Description of the task: For this task, output exactly the lines of the material below starting at the line with "Dancebot, my first Kickstarter" and ending at the line with "Vista panoramica di"; pictures are to be excluded.

Data extracts:
'''

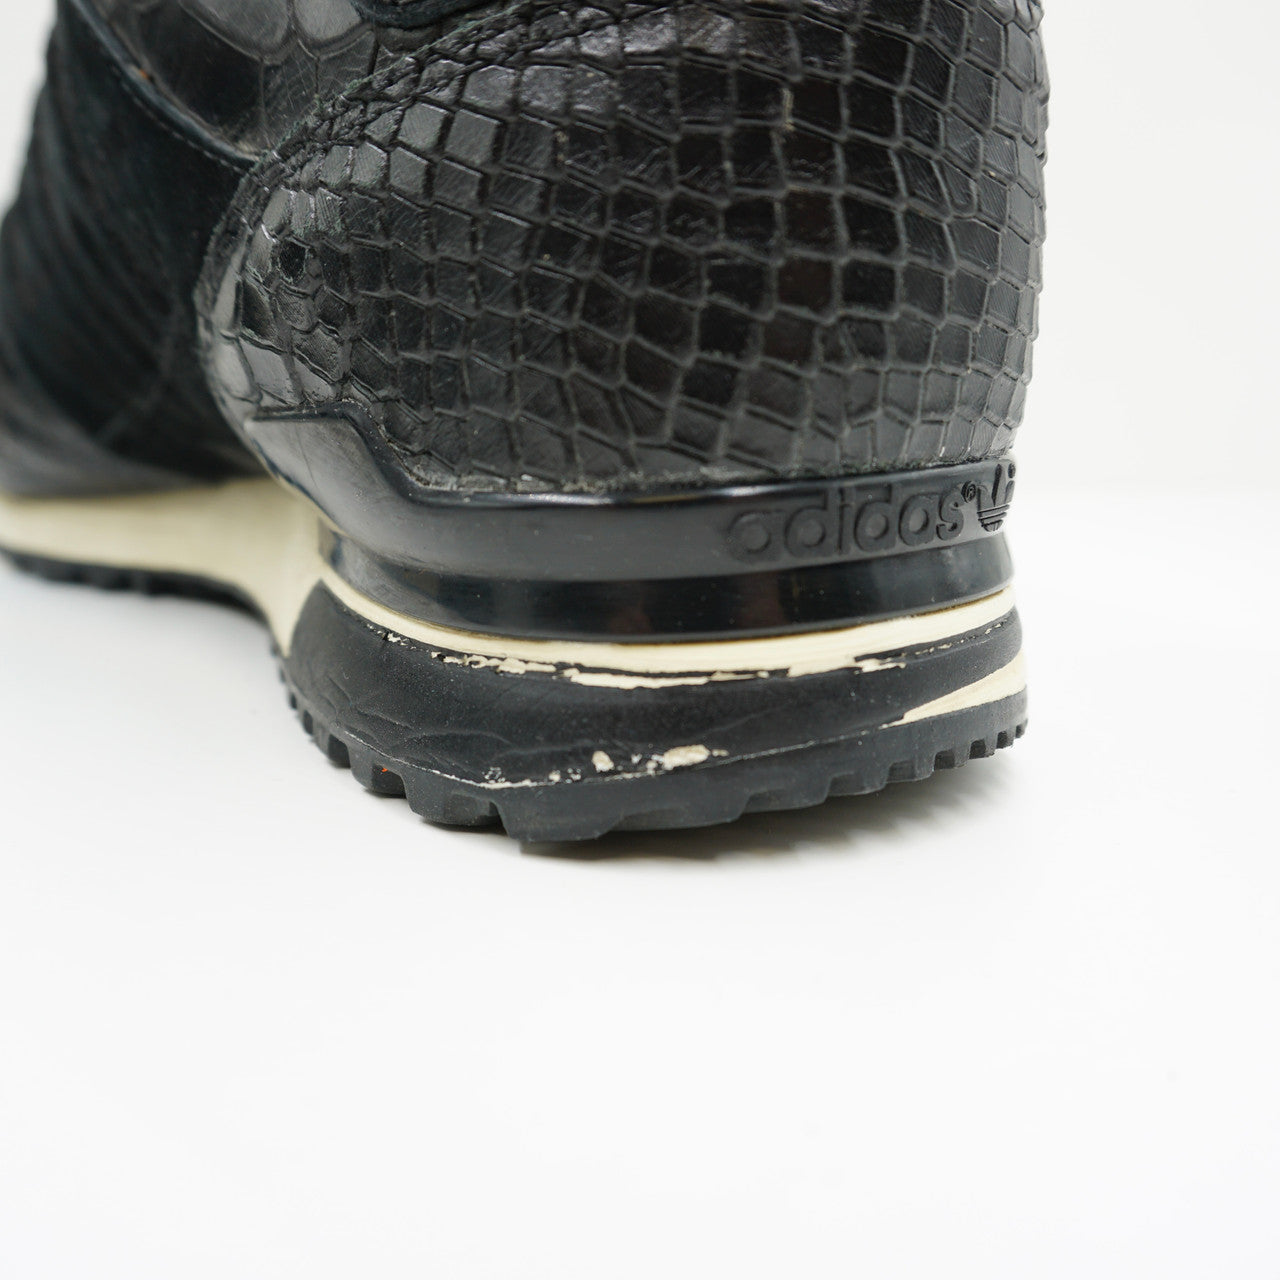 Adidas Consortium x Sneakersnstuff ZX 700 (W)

'''
'''

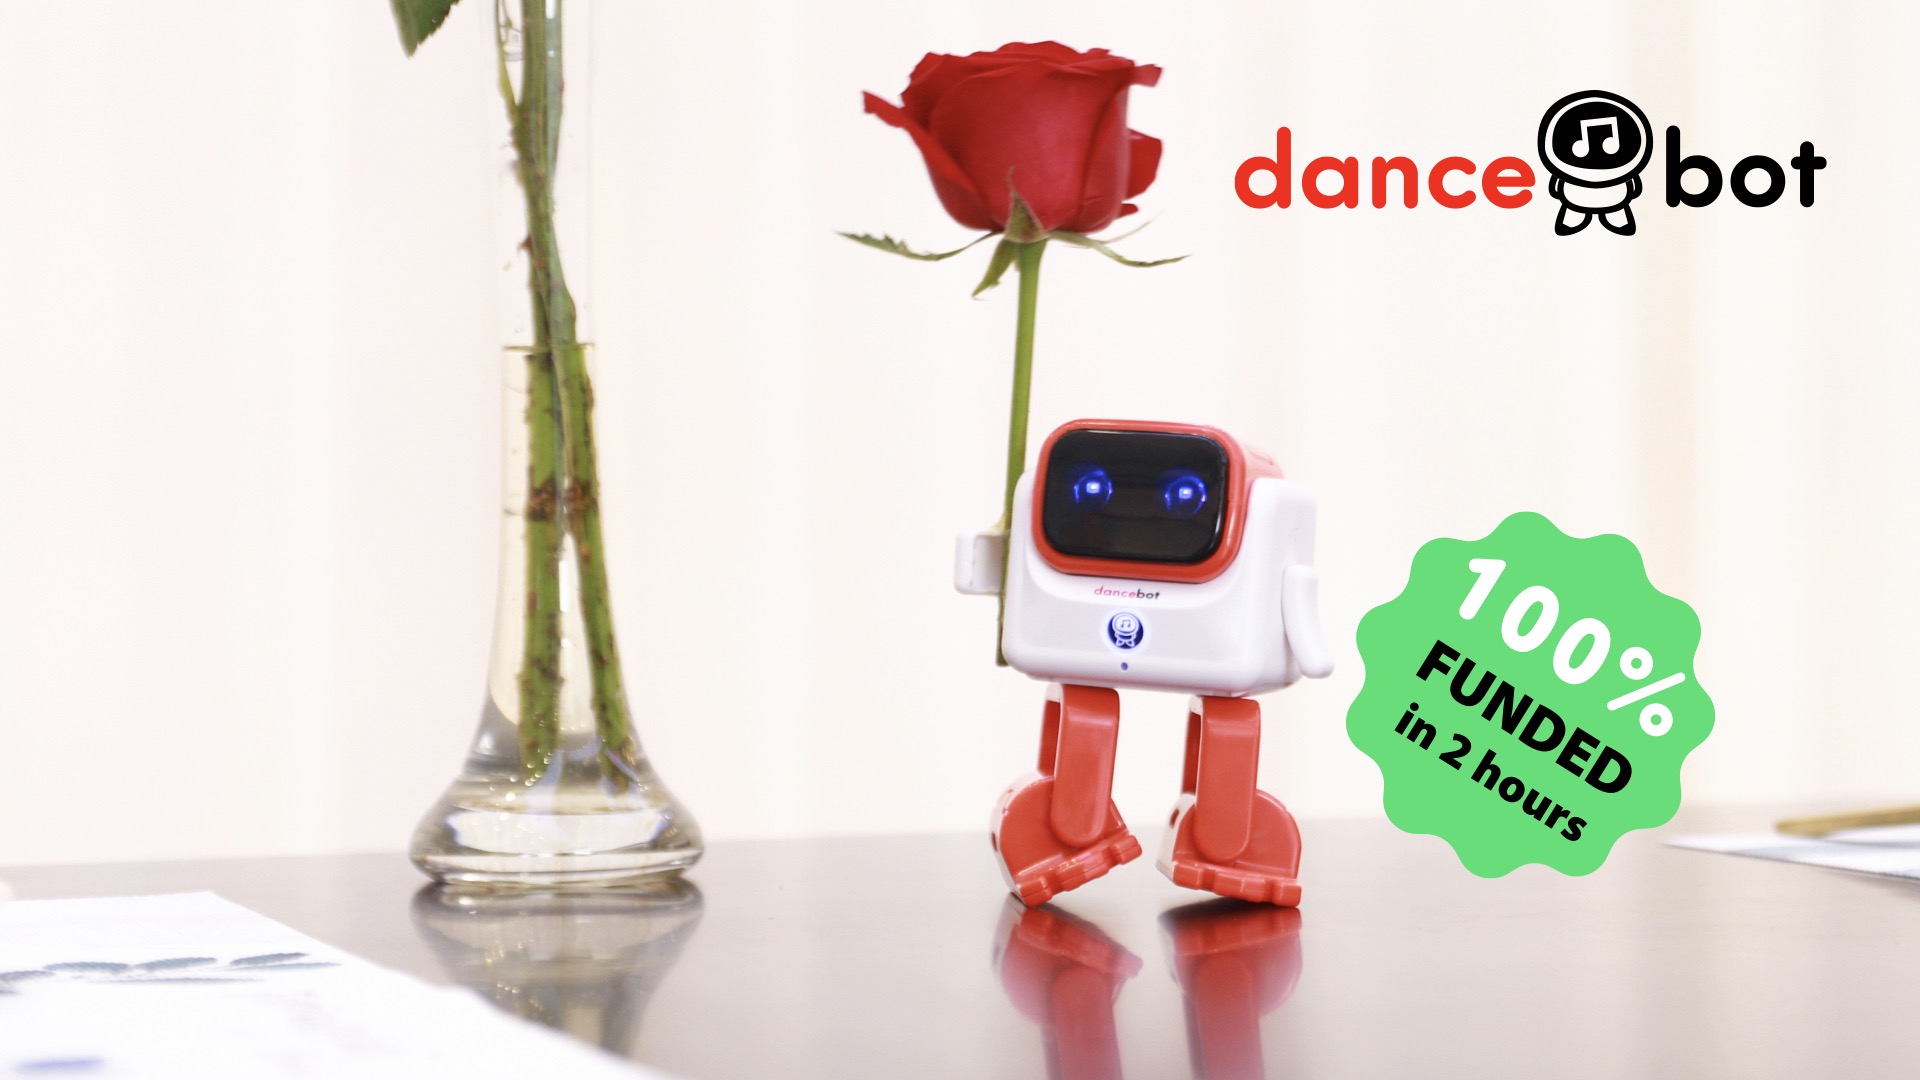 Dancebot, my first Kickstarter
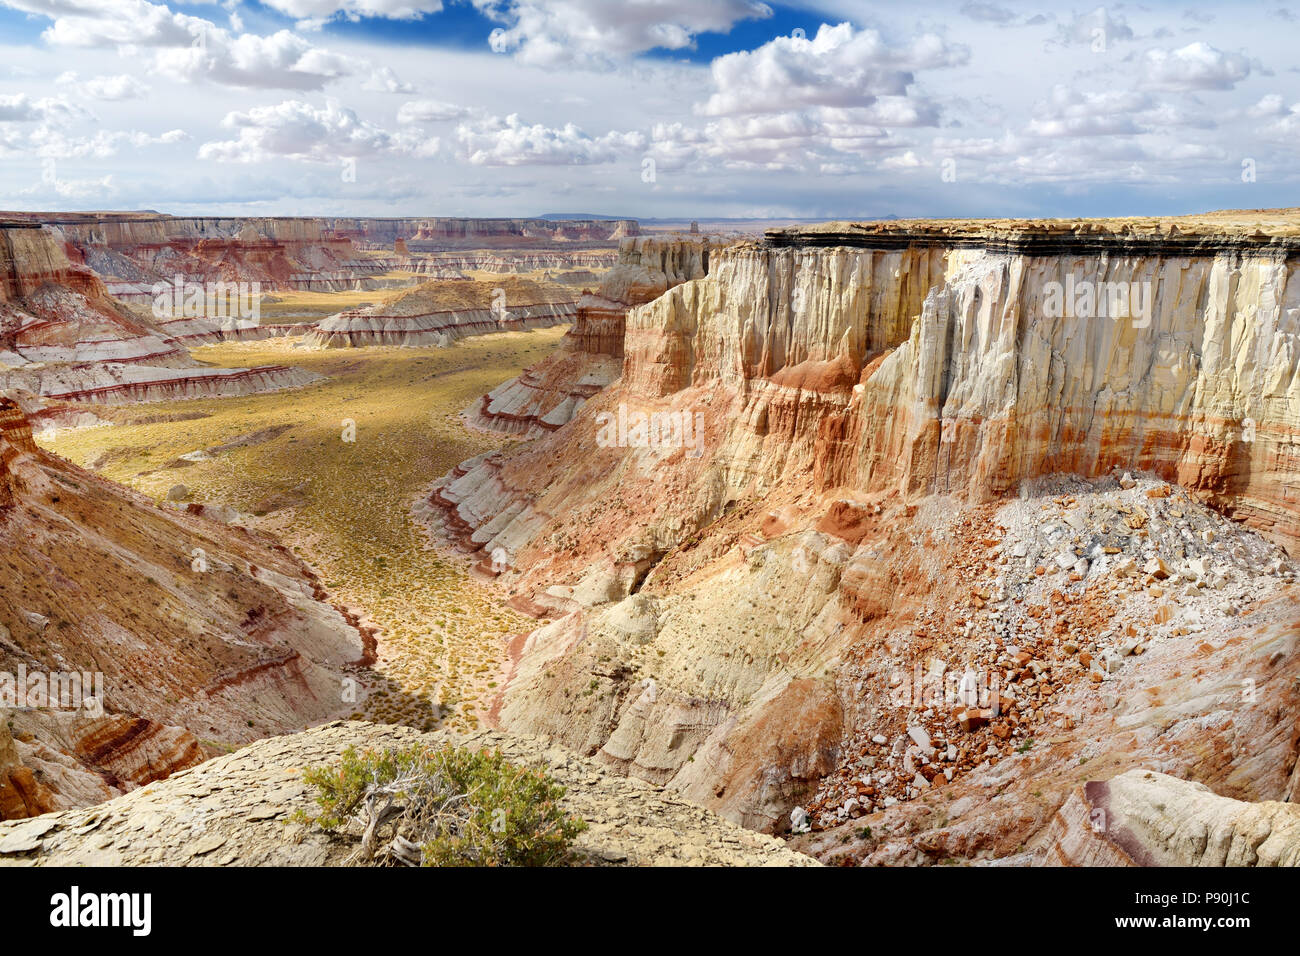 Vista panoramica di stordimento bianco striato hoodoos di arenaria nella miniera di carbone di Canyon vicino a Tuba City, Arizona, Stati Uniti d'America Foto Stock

'''

Task output:
 Dancebot, my first Kickstarter
 Vista panoramica di stordimento bianco striato hoodoos di arenaria nella miniera di carbone di Canyon vicino a Tuba City, Arizona, Stati Uniti d'America Foto Stock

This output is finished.